## TC 5033
### Word Embeddings

<br>

#### Activity 3b: Text Classification using RNNs and AG_NEWS dataset in PyTorch
<br>

- Objective:
    - Understand the basics of Recurrent Neural Networks (RNNs) and their application in text classification.
    - Learn how to handle a real-world text dataset, AG_NEWS, in PyTorch.
    - Gain hands-on experience in defining, training, and evaluating a text classification model in PyTorch.
    
<br>

- Instructions:
    - Data Preparation: Starter code will be provided that loads the AG_NEWS dataset and prepares it for training. Do not modify this part. However, you should be sure to understand it, and comment it, the use of markdown cells is suggested. 

    - Model Setup: A skeleton code for the RNN model class will be provided. Complete this class and use it to instantiate your model.

    - Implementing Accuracy Function: Write a function that takes model predictions and ground truth labels as input and returns the model's accuracy.

    - Training Function: Implement a function that performs training on the given model using the AG_NEWS dataset. Your model should achieve an accuracy of at least 80% to get full marks for this part.

    - Text Sampling: Write a function that takes a sample text as input and classifies it using your trained model.

    - Confusion Matrix: Implement a function to display the confusion matrix for your model on the test data.

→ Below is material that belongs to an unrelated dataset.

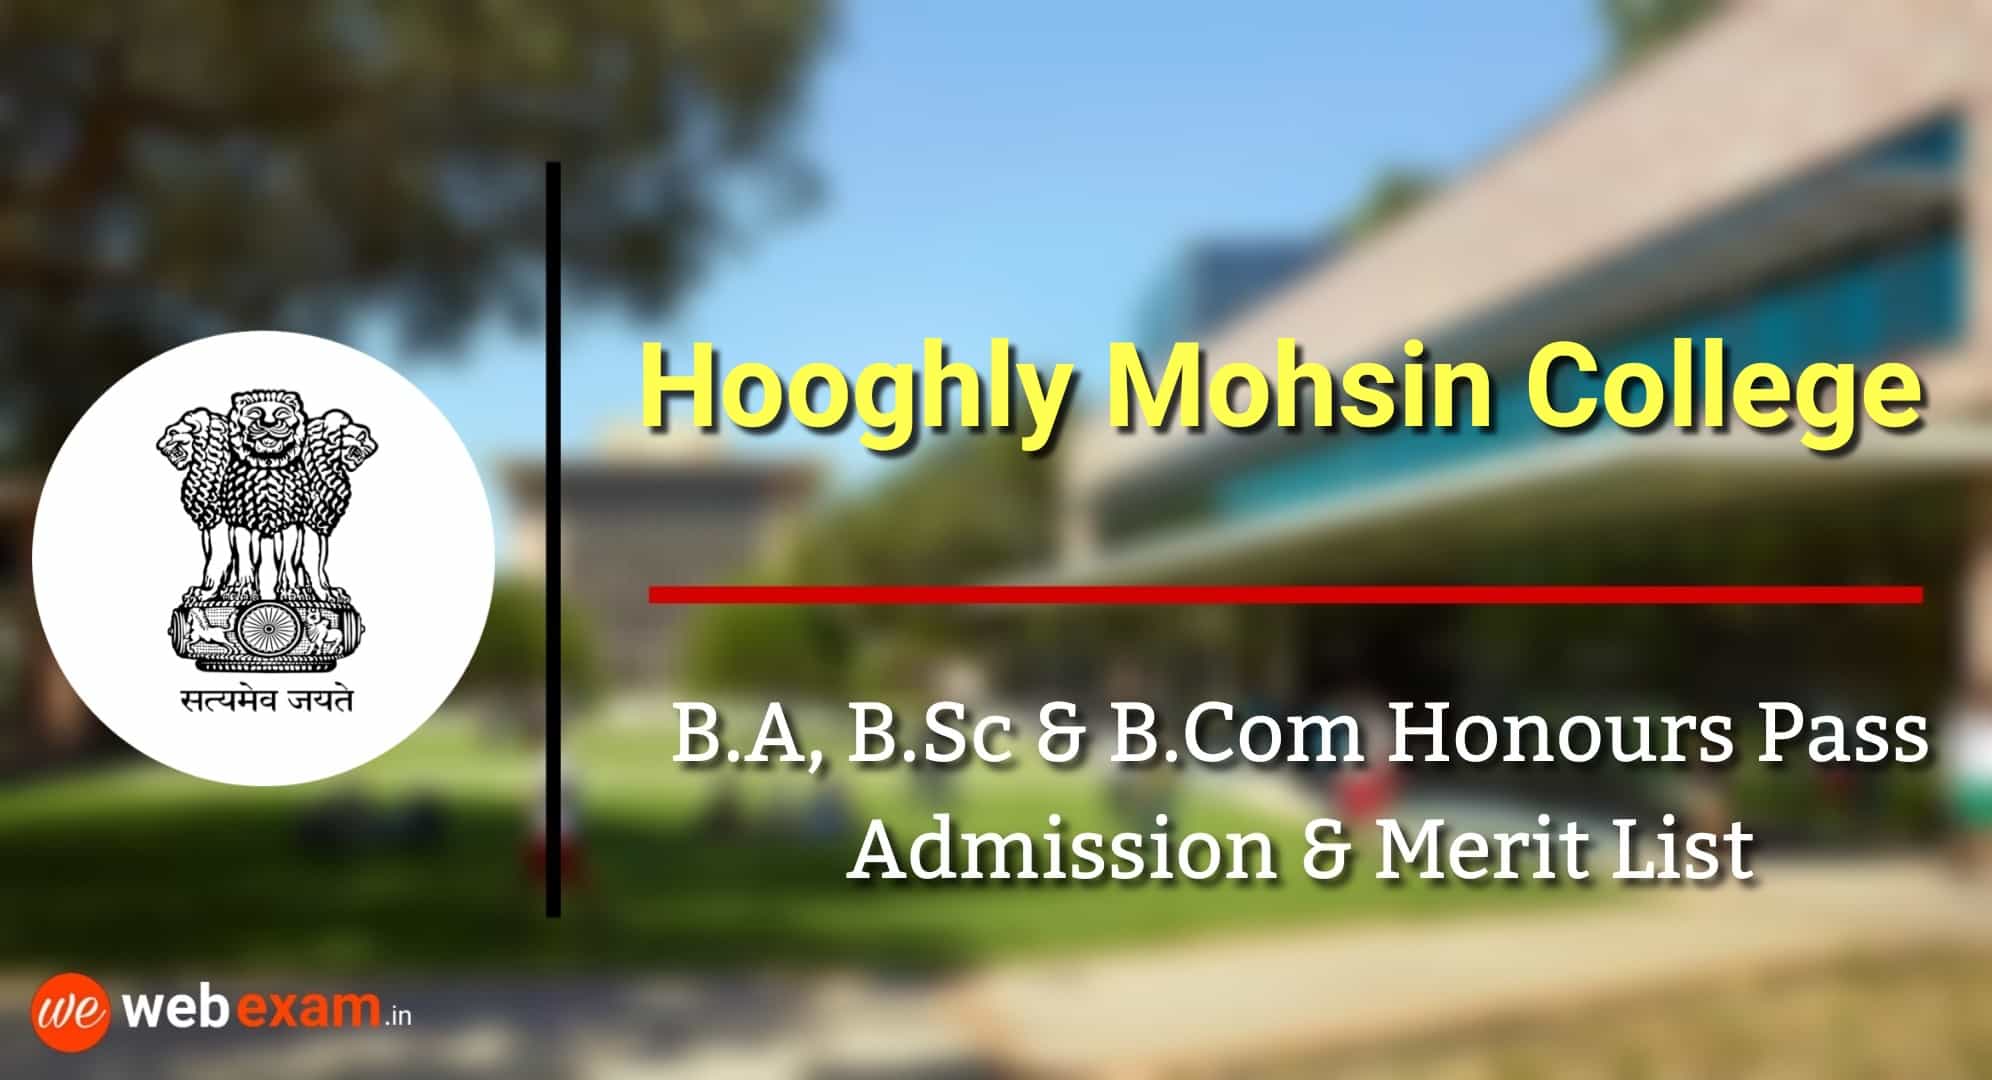 Hooghly Mohsin College Admission
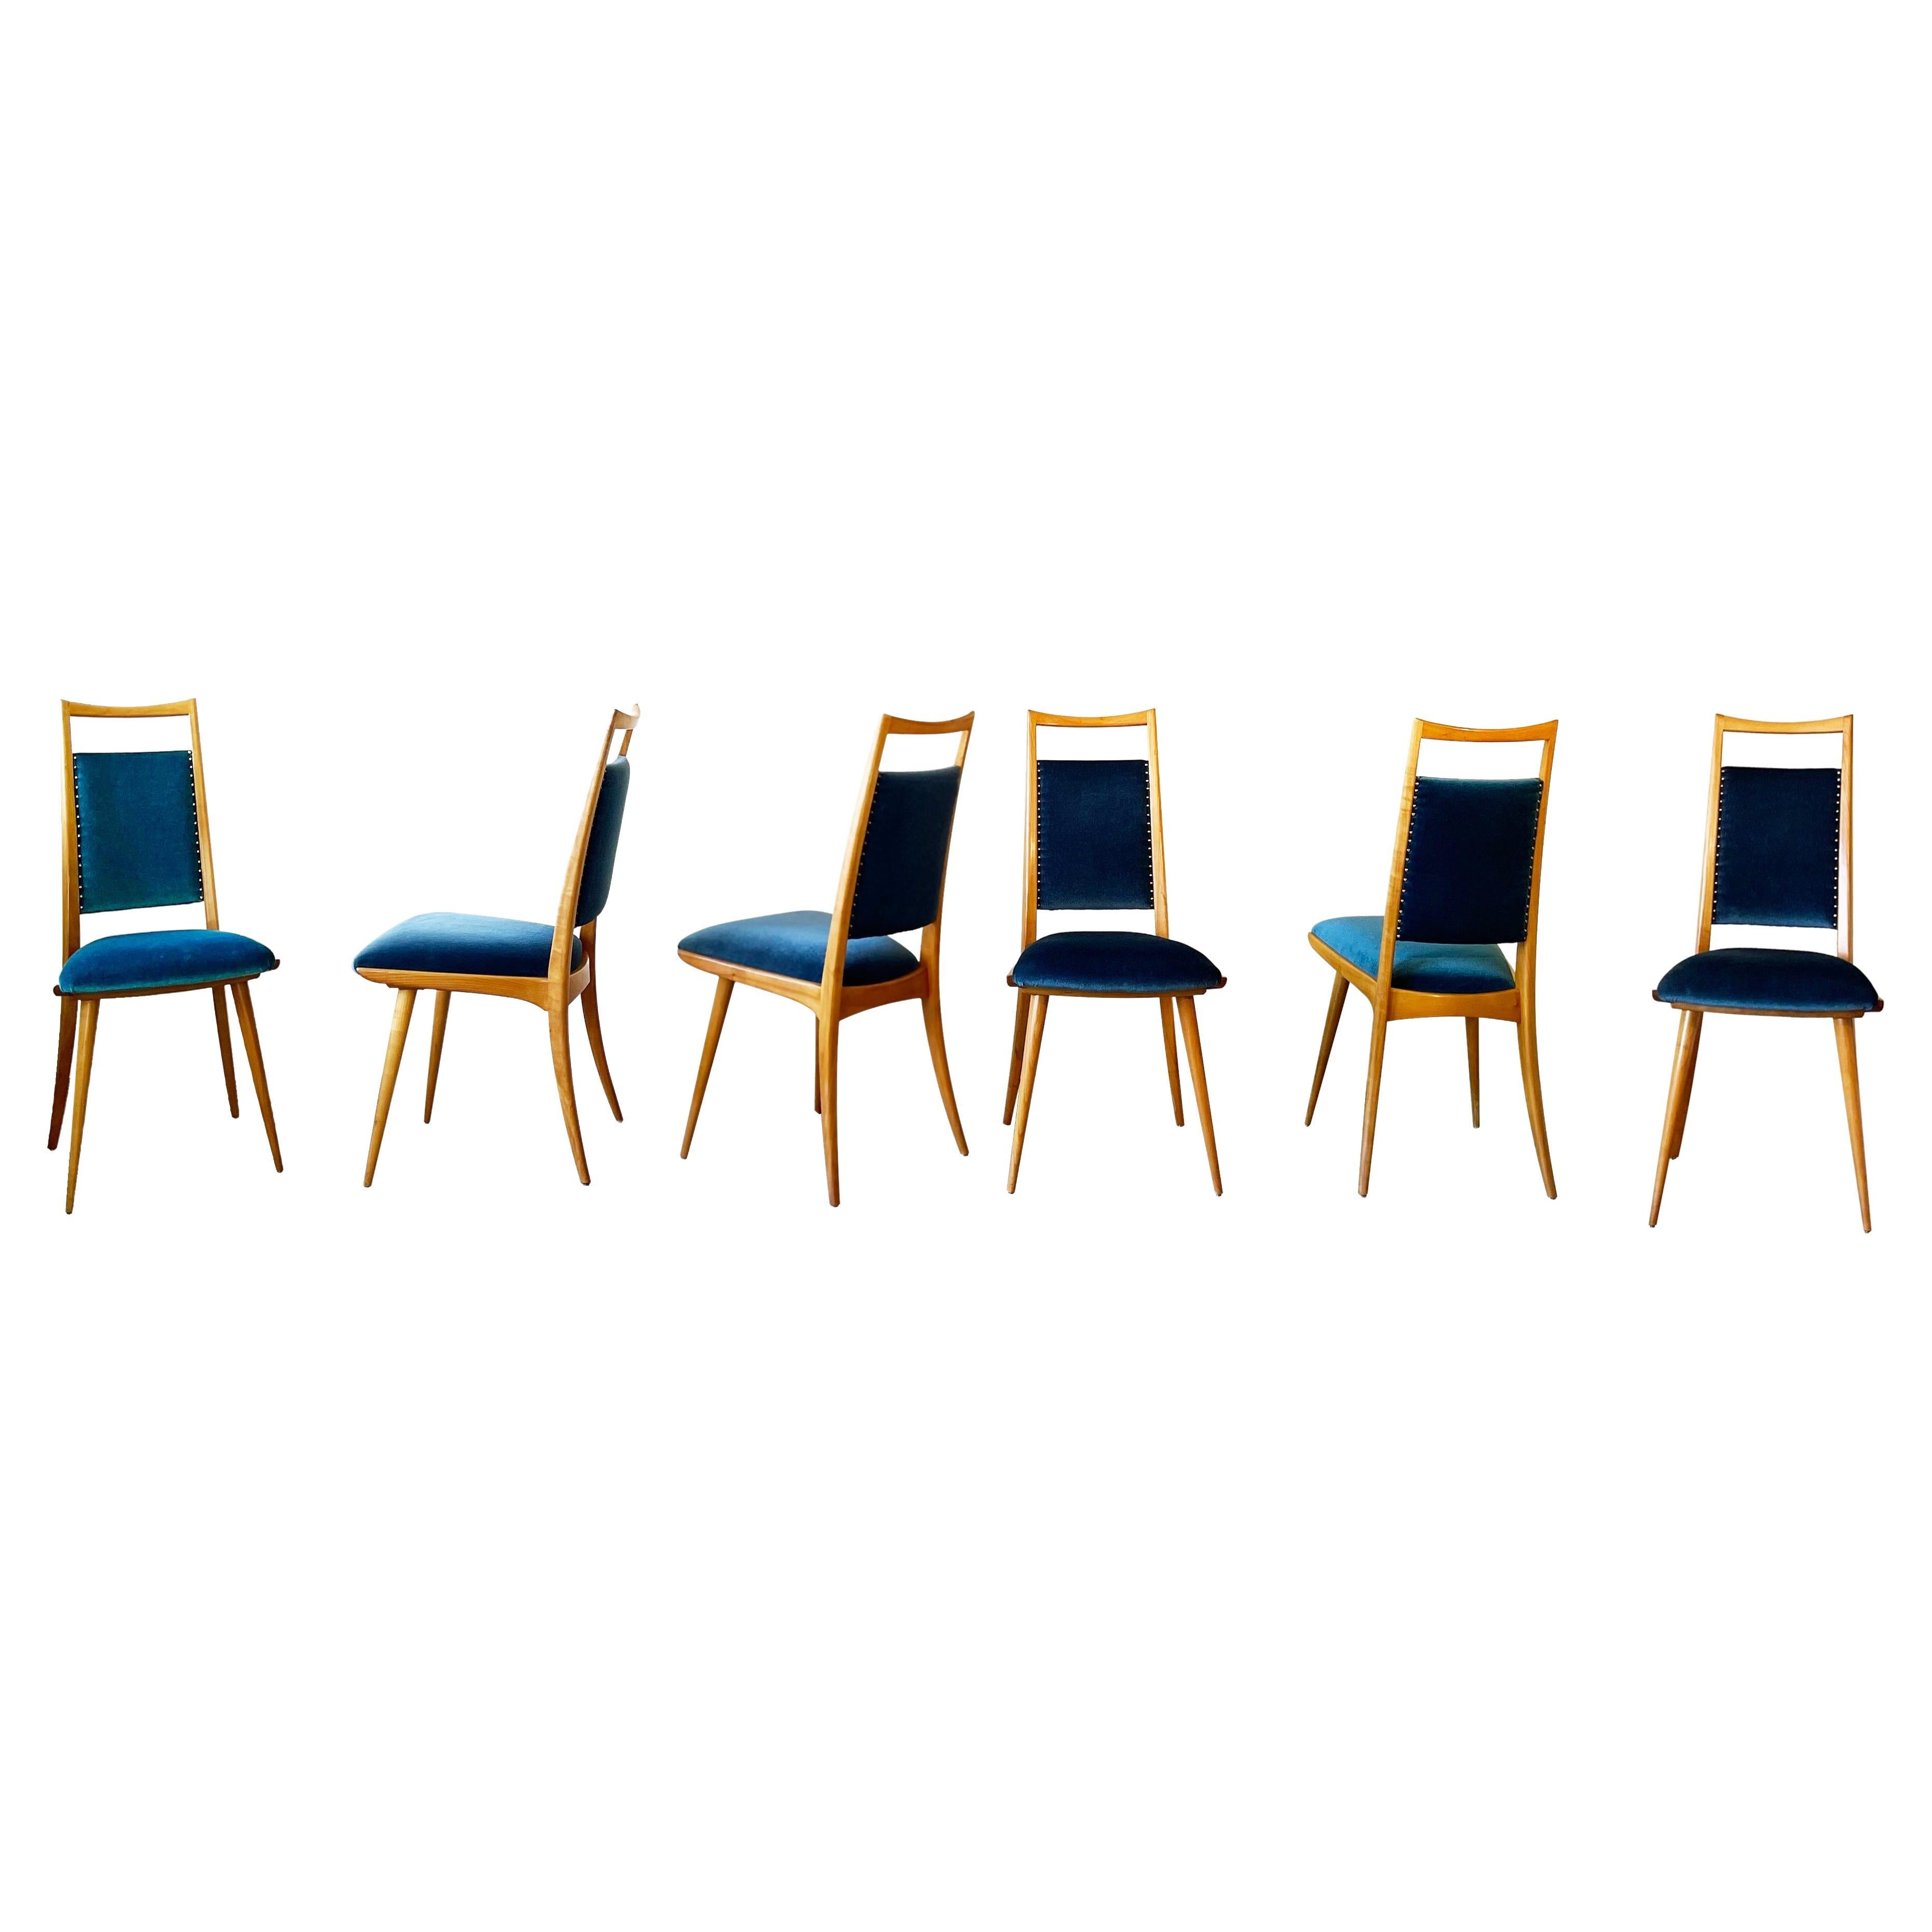 Set of 6 Mid Century Dining Chairs, Turquoise Velvet by Dettinger, Germany

    - Submission: Submit your completed Jupyter Notebook. Make sure to include a markdown cell at the beginning of the notebook that lists the names of all team members. Teams should consist of 3 to 4 members.
    
<br>

- Evaluation Criteria:

    - Correct setup of all the required libraries and modules (10%)
    - Code Quality (30%): Your code should be well-organized, clearly commented, and easy to follow. Use also markdown cells for clarity. Comments should be given for all the provided code, this will help you understand its functionality.
    
   - Functionality (60%): 
        - All the functions should execute without errors and provide the expected outputs.
        - RNN model class (20%)
        - Accuracy fucntion (10%)
        - Training function (10%)
        - Sampling function (10%)
        - Confucion matrix (10%)

        - The model should achieve at least an 80% accuracy on the AG_NEWS test set for full marks in this criterion.


Dataset

https://pytorch.org/text/stable/datasets.html#text-classification

https://paperswithcode.com/dataset/ag-news


### Import libraries

In [1]:
# conda install -c pytorch torchtext
# conda install -c pytorch torchdata
# conda install pytorch torchvision torchaudio cudatoolkit=10.2 -c pytorch

In [1]:
# The following libraries are required for running the given code
# Please feel free to add any libraries you consider adecuate to complete the assingment.
import numpy as np

#Torchtext
import torchtext
torchtext.disable_torchtext_deprecation_warning()

#PyTorch libraries
import torch
from torchtext.datasets import AG_NEWS
# Dataloader library
from torch.utils.data import DataLoader
from torch.utils.data.dataset import random_split
# Libraries to prepare the data
from torchtext.data.utils import get_tokenizer
from torchtext.vocab import build_vocab_from_iterator
from torchtext.data.functional import to_map_style_dataset
# neural layers
from torch import nn
from torch.nn import functional as F

# These libraries are suggested to plot confusion matrix
# you may use others
import scikitplot as skplt
import gc

## Using GPU

In [2]:
if torch.cuda.is_available():
    device = torch.device('cuda') # GPU will be used if available
elif torch.backends.mps.is_available():
    device = torch.device('mps') # GPU will be used in Apple Silicon Macs if available
else:
    device = torch.device('cpu') # CPU will be used if GPU is not available
print(device)

mps


### Get the train and the test datasets and dataloaders

Classes:

* 1 - World

* 2 - Sports

* 3 - Business

* 4 - Sci/Tech

We will convert them to:

* 0 - World

* 1 - Sports

* 2 - Business

* 3 - Sci/Tech

In [3]:
train_dataset, test_dataset = AG_NEWS()
train_dataset, test_dataset = to_map_style_dataset(train_dataset), to_map_style_dataset(test_dataset)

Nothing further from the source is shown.